Fig. 3. Decrease in percent of PD-1–positive CD4 and CD8 T cells after RAD001 treatment.

The percent of PD-1–positive CD4 and CD8 T cells was determined by fluorescence-activated cell sorting analysis of PBMC samples at baseline, after 6 weeks of drug treatment (week 6), 6 weeks after study drug discontinuation, and 4 weeks after influenza vaccination (week 12). (A) There was a significant decrease of 30.2% in PD-1–positive CD4 T cells at week 6 in the pooled RAD001-treated cohort (n = 84) compared to the placebo cohort (n = 25) [P = 0.03 (q = 0.13)]. The decrease in PD-1–positive CD4 T cells at week 12 in the pooled RAD001-treated cohort compared to the placebo cohort was 32.7% [P = 0.05 (q = 0.19)]. (B) There was a significant decrease of 37.4% in PD-1–positive CD8 T cells at week 6 in the pooled RAD001-treated cohort (n = 84) compared to the placebo cohort (n = 25) [P = 0.008 (q = 0.07)]. The decrease in PD-1–positive CD8 T cells at week 12 in the pooled RAD001-treated cohort compared to the placebo cohort was 41.4% [P = 0.066 (q = 0.21)].

DISCUSSION

The data presented here suggest that the mTOR inhibitor RAD001 ameliorated the age-related decline in immunological function of human elderly volunteers as assessed by response to influenza vaccination, and that this amelioration was obtained with an acceptable risk/benefit balance. In a study of elderly mice, treatment with the mTOR inhibitor rapamycin for 6 weeks not only enhanced the response to influenza vaccination but also extended life span (10). Although that was a small preclinical study that needs to be replicated, those results raise the possibility that amelioration of immunosenescence may be a marker of a broader effect on aging-related phenotypes. It remains to be determined whether RAD001 ameliorates additional aging-related conditions beyond a diminished vaccination response in elderly humans.

The mechanism by which RAD001 enhanced the vaccination response in the elderly volunteers warrants further investigation.
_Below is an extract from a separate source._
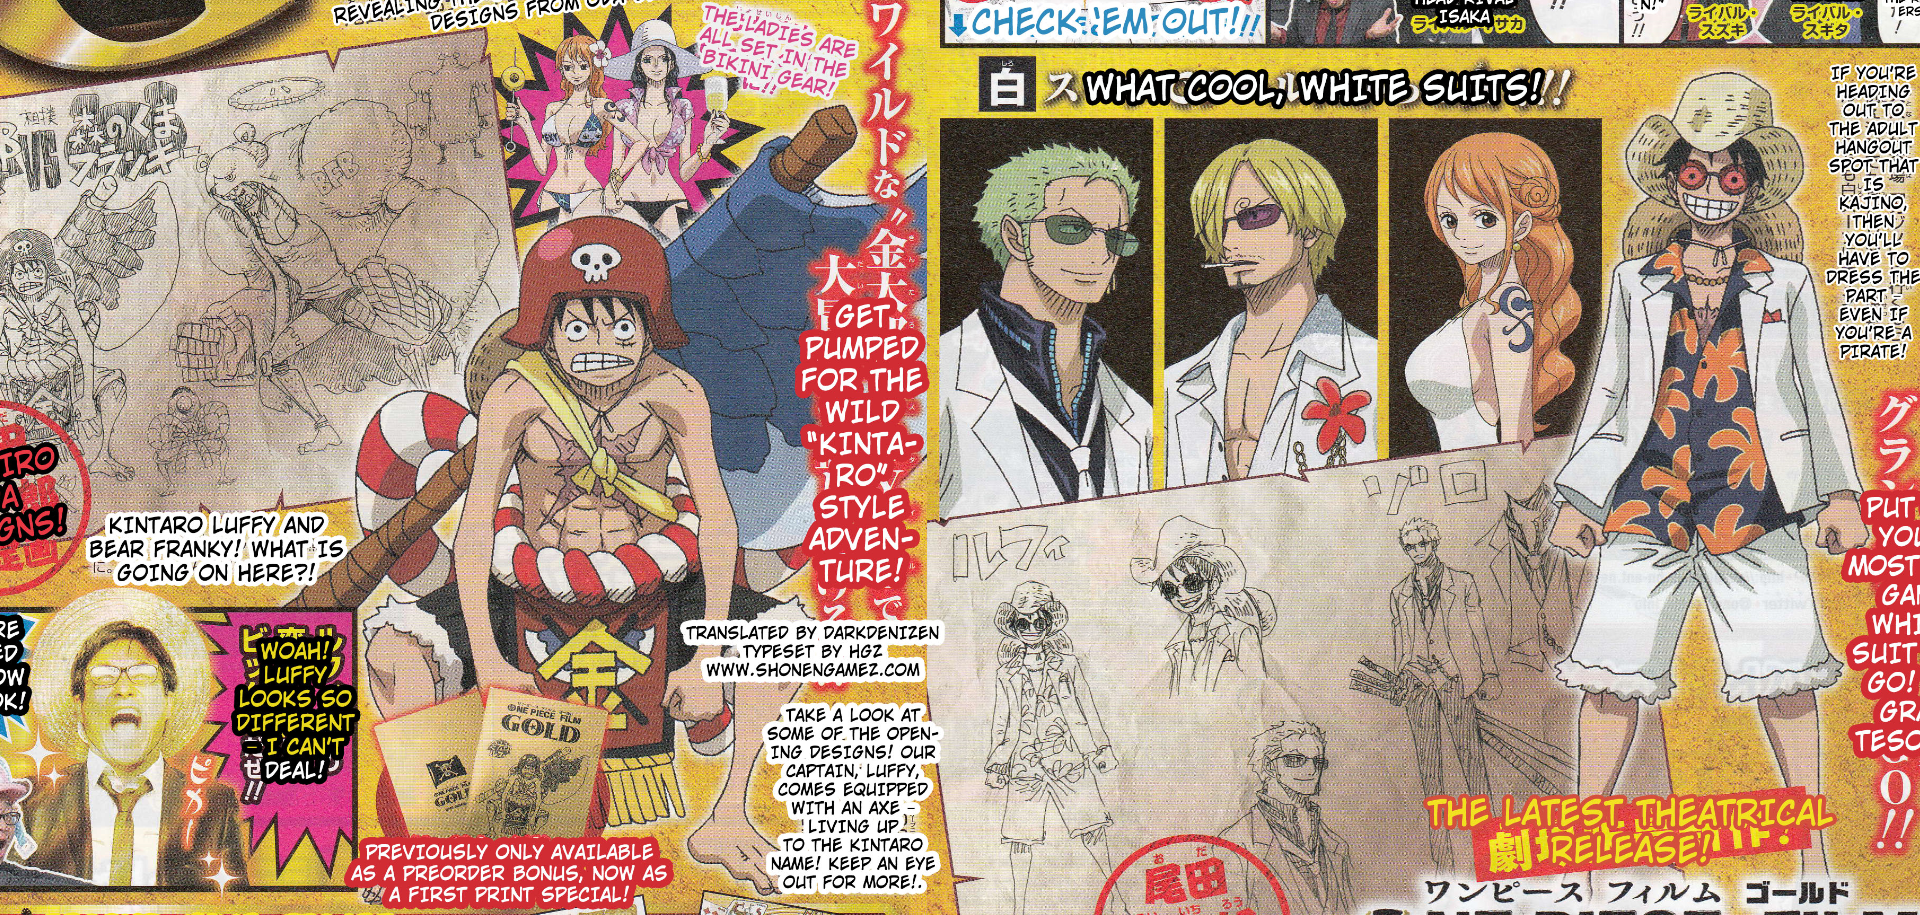 One Piece Film Gold colour manga released in 2 issues forming one cover  (Japan) : r/ImagesOfJapan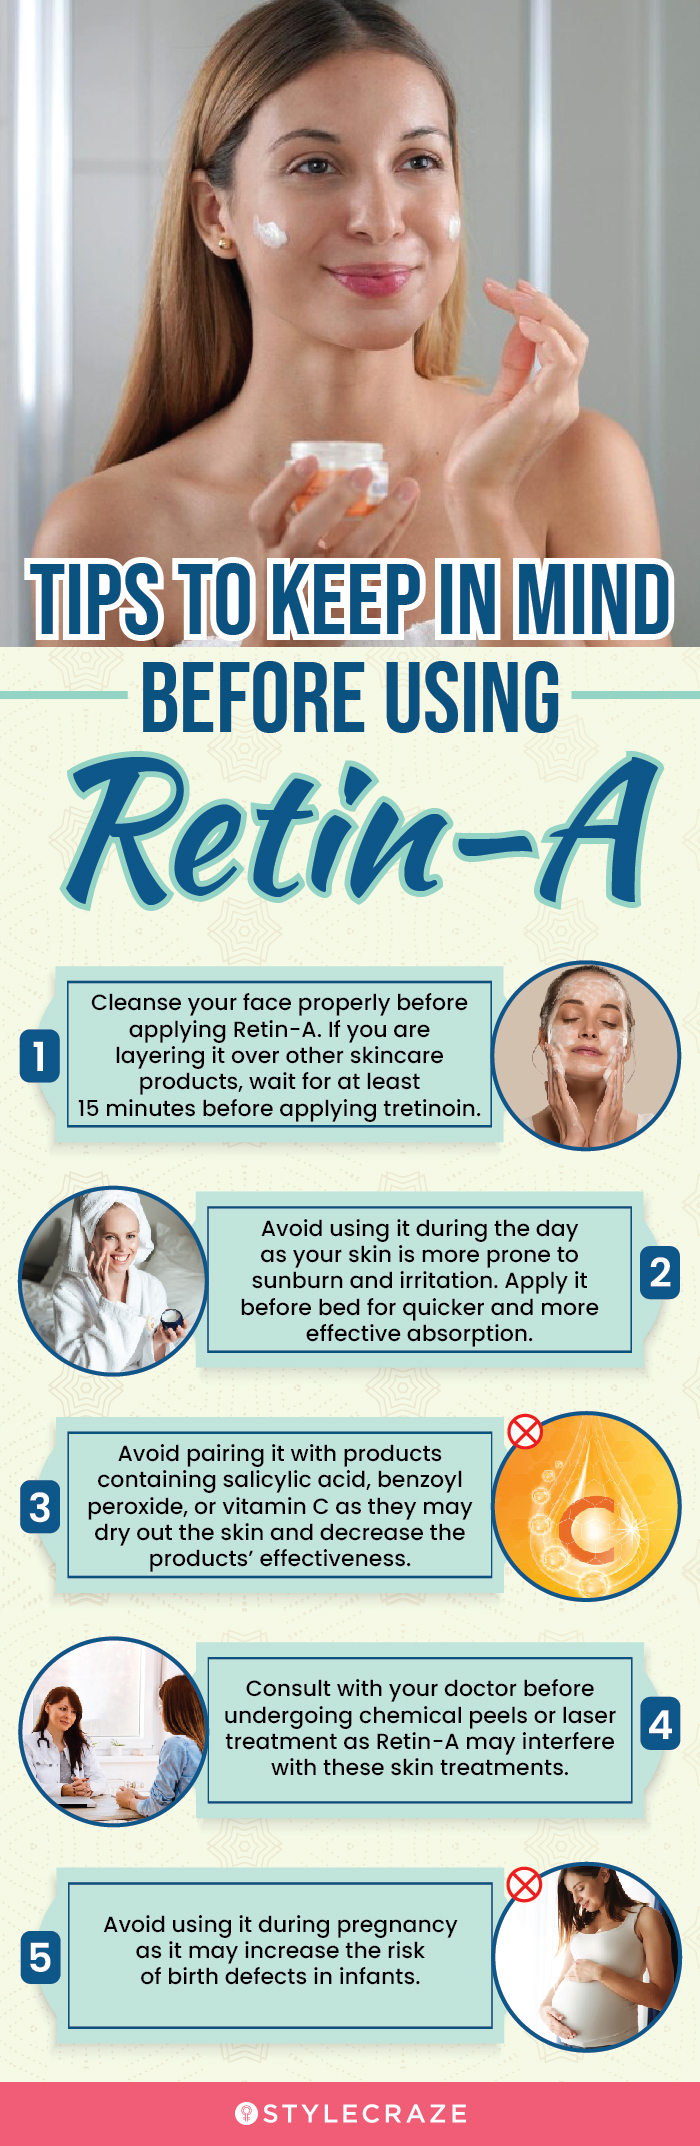 tips to keep in mind before using retin-a (infographic)

Given that RAD001 dosing was discontinued 2 weeks before vaccination, the immune-enhancing effects of RAD001 likely were mediated by changes in a relevant cell population that persisted after drug discontinuation. Here, RAD001 treatment decreased the percentage of PD-1–positive CD4 and CD8 T cells compared to placebo. PD-1–positive CD4 and CD8 T cells accumulate with age and have diminished responses to antigen stimulation because PD-1 inhibits T cell receptor–induced T cell proliferation, cytokine production, and cytolytic function (8). PD-1 expression is induced by T cell signaling and remains high in the setting of persistent antigen stimulation, including chronic viral infection. It is possible that RAD001 reduced chronic immune activation in elderly volunteers and thereby led to a decrease in PD-1 expression. RAD001 also may have inhibited PD-1 expression directly, as has been reported for the immunophilin cyclosporin A (14). A RAD001-associated decrease in the percentage of PD-1–positive CD4 and CD8 T cells may contribute to enhanced immune function and improve the quality of T cell responses to antigenic stimulation in the elderly. This is consistent with previous studies showing that mTOR inhibition improved the quality of memory CD8 T cell responses to vaccination in mice and primates (15). In our study, there was an increase in the percentage of PD-1–positive T cells over time in the placebo cohort but not in the pooled RAD001 cohort. At week 12 (4 weeks after vaccination), the increase in the placebo cohort may have been due in part to influenza vaccination because influenza virus has been shown to increase PD-1–positive T cells (16). In aged mice, mTOR inhibition also has been shown to increase the number of HSCs, leading to increased production of naïve lymphocytes (10). However, in this study, we did not detect significant differences in the percentage of naïve lymphocytes in the RAD001-treated versus placebo cohorts.

Our results also suggest that mTOR inhibition broadened the serologic response of elderly volunteers to influenza vaccination and increased antibody titers to heterologous strains of influenza not contained in the seasonal influenza vaccine. The mechanism by which RAD001 broadened the serologic response to heterologous strains of influenza virus remains to be determined. In a previous study in which mice were dosed with rapamycin for 28 days beginning 1 day before influenza infection, the broadened serologic response to heterologous influenza strains may have been due in part to inhibition of B cell class switching by rapamycin (13). In contrast, we did not find evidence that RAD001 altered B cell class switching in our elderly subjects who had discontinued RAD001 2 weeks before influenza vaccination (fig. S2). Although the underlying mechanism requires further elucidation, an increased serologic response to heterologous influenza strains may confer enhanced protection against influenza illness.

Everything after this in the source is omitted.